Between 1868 and 1898, three generations of Cubans fought to free Cuba from colonialist Spain. More than a century later, no other historical narrative is as beloved and ritualistically recited as the story of Cuba Libre and the citizen-soldier known as the mambí. In town festivals and cartoons, in textbooks and hymns, in the national currency and logos alike, the mambí is the foremost icon of Cuba’s past and present. Scrutinizing how this figure has been aesthetically rendered in literature, historiography, cinema, and monuments, Éric Morales-Franceschini teases out the emancipatory promises that the story of Cuba Libre came to embody in the twentieth-century popular imagination.

The story of Cuba Libre and the mambí is not, after all, a conventional epic. For how does one account for heroes that are neither demigods nor nobles? For tactics more sly than virtuous? Or verse more populist than eloquent?
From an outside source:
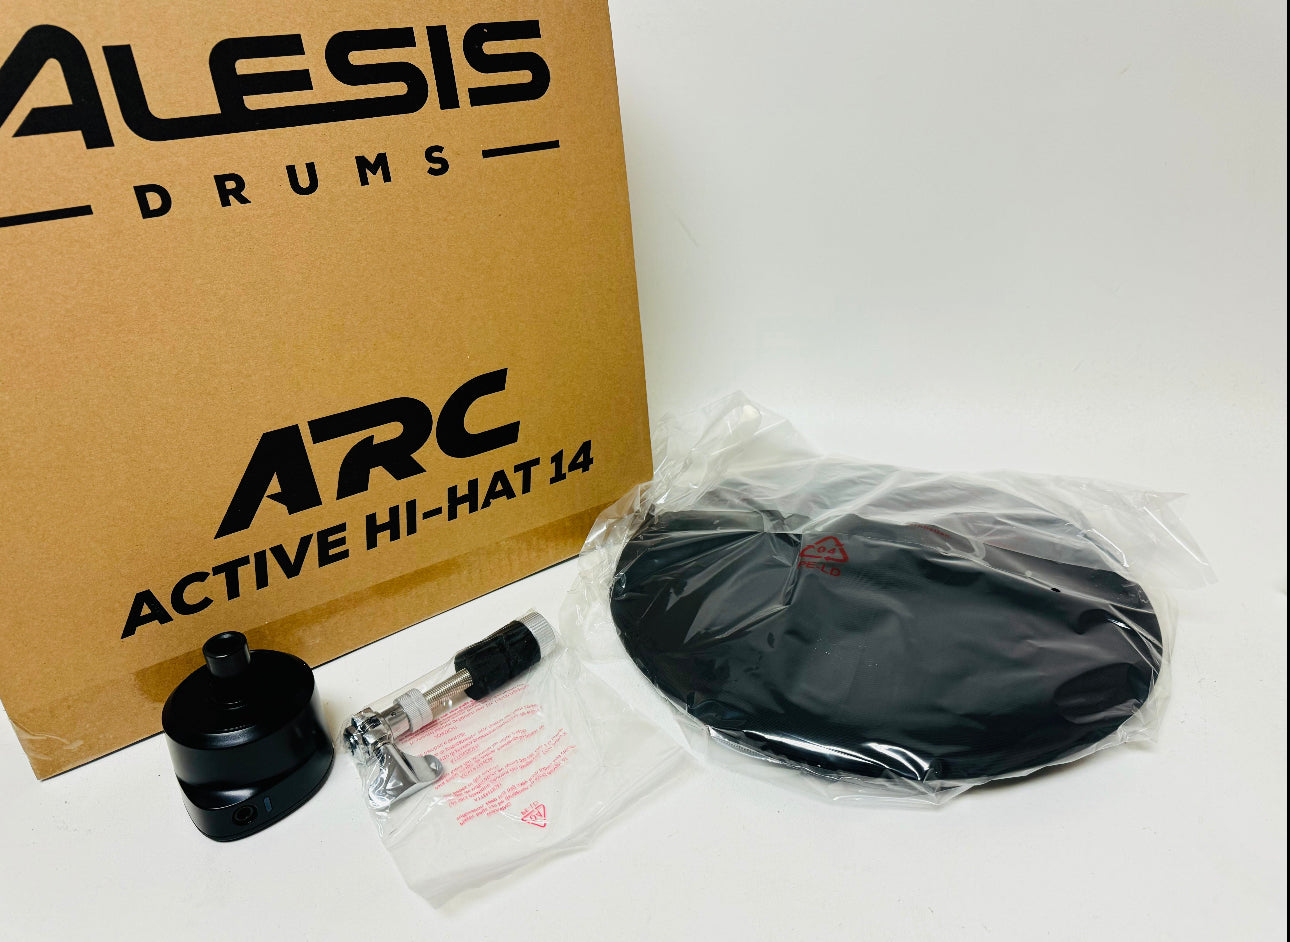 Alesis Strata Prime Drum Module and Hi Hat Cymbal OPEN BOX
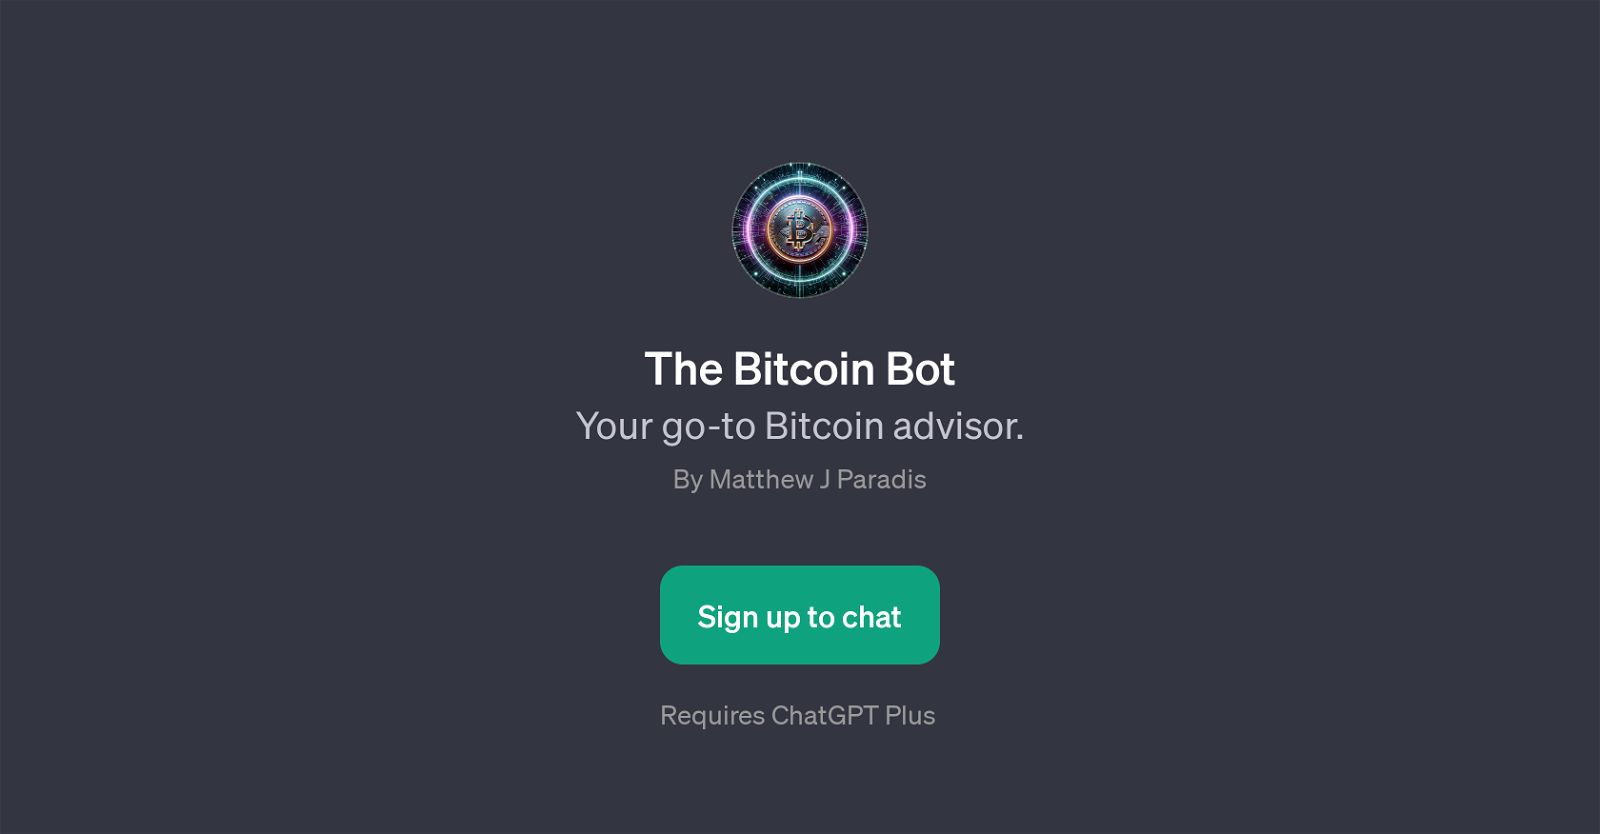 The Bitcoin Bot website

Analyzing the mambí as Afro-Cuban, woman, trickster, saboteur, and martyr, this critical exegesis shows how that heroic archetype has come to bear on issues such as racial justice, women’s empowerment, populist humor, the ethics of violence, and the nationalist sublime. With an eye toward decolonial futures, The Epic of Cuba Libre illuminates the complexities and idiosyncrasies of an aesthetics of liberation.